こんにちは。パエリアです。
今回は AWS 利用者ならほぼ100%利用しているであろう S3 の機能であるバージョニングについての考察をしていきます。
Amazon S3 のバージョニングとは、同じバケット内でオブジェクトの複数のバリアントを保持する手段のことです。S3 のバージョニング機能を使用すると、バケットに保存されたすべてのオブジェクトのすべてのバージョンを、保存、取得、復元することができます。バージョニングを使用すれば、意図しないユーザーアクションからもアプリケーション障害からも、より簡単に復旧できます。
結論としてはバージョニングは有効化すると良いと思います。
以下の点について、それぞれ考えていきます。
1.耐障害性(フォールトトレランス)
2.AWS ベストプラクティス
3.利用料
4.有効化が推奨される利用方法
5.有効化が推奨されない利用方法
1. 耐障害性(フォールトトレランス)
S3 バケットのバージョニングを有効化することで、何かしらの理由によりオブジェクトが上書きされたときに、上書き前のオブジェクトを復旧することができるようになり、耐障害性を向上させることができます。
つまり、この点から考えると有効化しない理由はありません。
2. AWS ベストプラクティス
AWS のベストプラクティスとしては有効化することが推奨されています。
ちなみに、バージョニングの有効化は AWS Trusted Advisor(耐障害性)でもチェック項目となっています。
ただ、現状バケット作成時のデフォルトチェックは無効状態となっていましたので、作成時の操作には注意が必要です。

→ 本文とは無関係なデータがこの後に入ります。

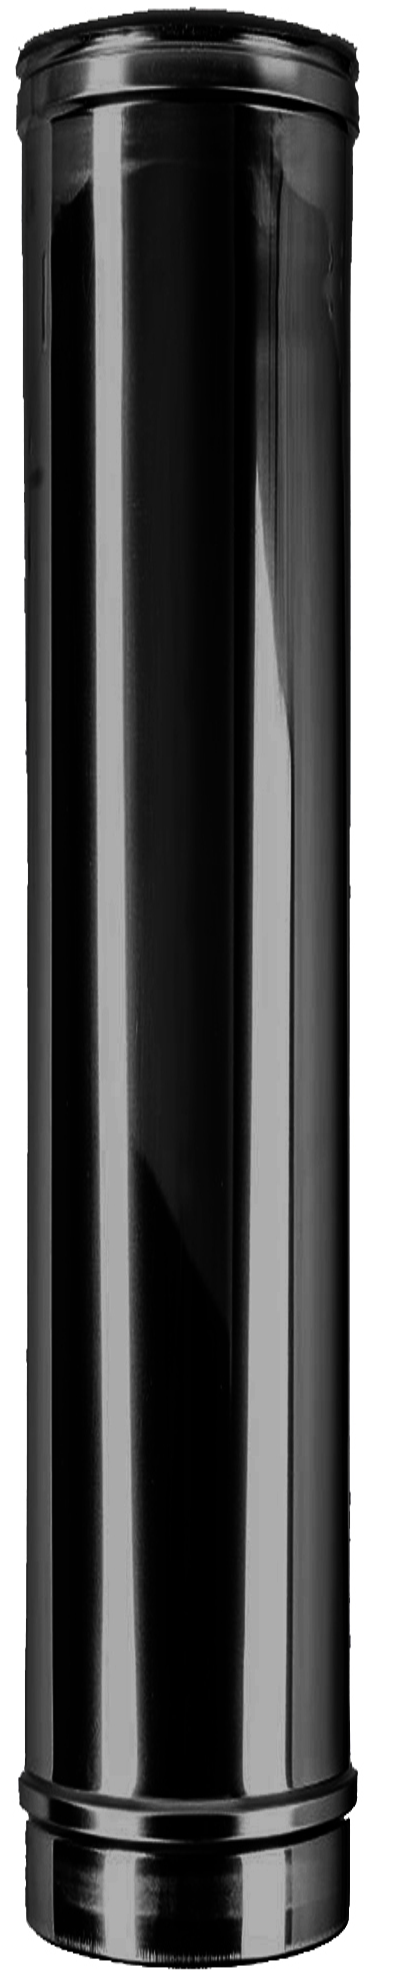 l-ngenelement-1000-mm-schwarz
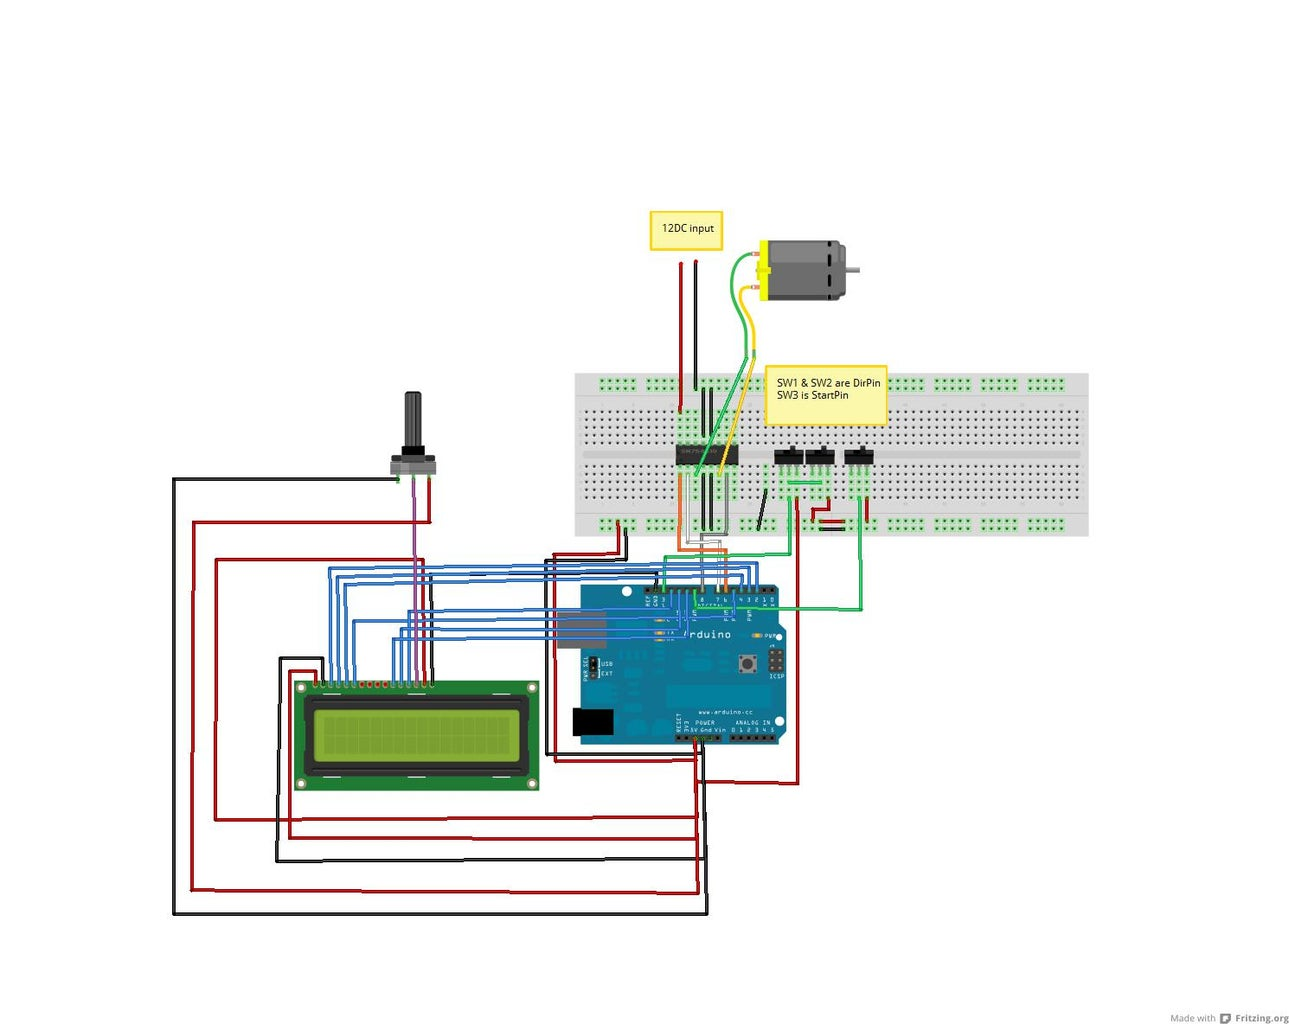 Part 3: Programing and Circuit Design

AWSドキュメント:Amazon S3 のセキュリティのベストプラクティス
3. 利用料
S3 標準ですと最初の 50TB までは 0.025USD/GB となっております。(東京リージョンの場合)
また、バージョニングを有効化していて、対象オブジェクトに上書きした場合は過去のバージョンについても利用料がかかります。
例えば 2GB のオブジェクトに 2GB のオブジェクトを上書きしても 4GB 分の利用料がかかります。
Q: バージョニングの使用に対してどのように課金されますか?
通常の Amazon S3 料金は、格納またはリクエストされるオブジェクトの各バージョンについて適用されます。
思ったより高くつきそうですね、、、
適宜 S3 の利用料金の確認やライフサイクルポリシーの作成は必ず行いましょう。
4. 有効化が推奨される利用方法
※あくまで一個人の意見です。
4-1. 上書きされては困るバケット
まず、上書きされるべきではないバケットへは、上書きができないように権限やオブジェクトロックをしておけるなら、実装しましょう。
それだけでも十分だと思いますが、何かしらのトラブルで上書きされる可能性はあります。(権限変更やロック設定を解除できるような状況にある可能性もあります。)
万が一、上書きされてしまった時のためにバージョニングを有効化すると良いと思います。
そもそも上書きの前提がないのであれば、利用料金は変わりません。
4-2. 変更の多いバケット
変更の頻度が高い、または変更を実行する人が多いバケットについてはまさにバージョニングが有効だと思います。
間違って上書きしてしまった、他の人と同じタイミングで上書きしてしまったなど、復旧させるタイミングが多いと想像します。
また、その場合利用料も高くなるので、更新頻度に合わせてライフサイクルポリシー(例えば1週間)を必ず設定しましょう。
5. 有効化が推奨されない利用方法
5-1. どうしても利用料を抑えたい場合
場合によっては2-3倍以上の利用料がかかる可能性もあるので、耐障害性は気にせず、とにかく利用料を抑えたい場合は、無効化すると良いと思います。
5-2. バックアップとして利用している場合
最悪消されも問題ないようなデータや定期的なバックアップとして S3 を利用している場合は、コストパフォーマンスも考えると有効化しなくても良いかもしれません。
まとめ
バージョニングの設定はいつでも変更可能ですが、基本的には有効化しておくのが良いかなと考えました。
また、バージョニングを有効化した場合は特にライフサイクルポリシーの設定を内容含めてしっかり設定することを忘れないようにしてください。
おまけ
S3 といえば、最近オブジェクトの暗号化がデフォルト有効化となりました。
バケットの設定はデフォルト有効化が無効化になっているのに中身のオグジェクトは全部暗号化が有効化されている、という謎な事象が起こりがちなので、困ることはないですが、気をつけましょう。
ちなみに SSE-S3 以外でデフォルト暗号化したい場合は、バケット側の設定が必須になります。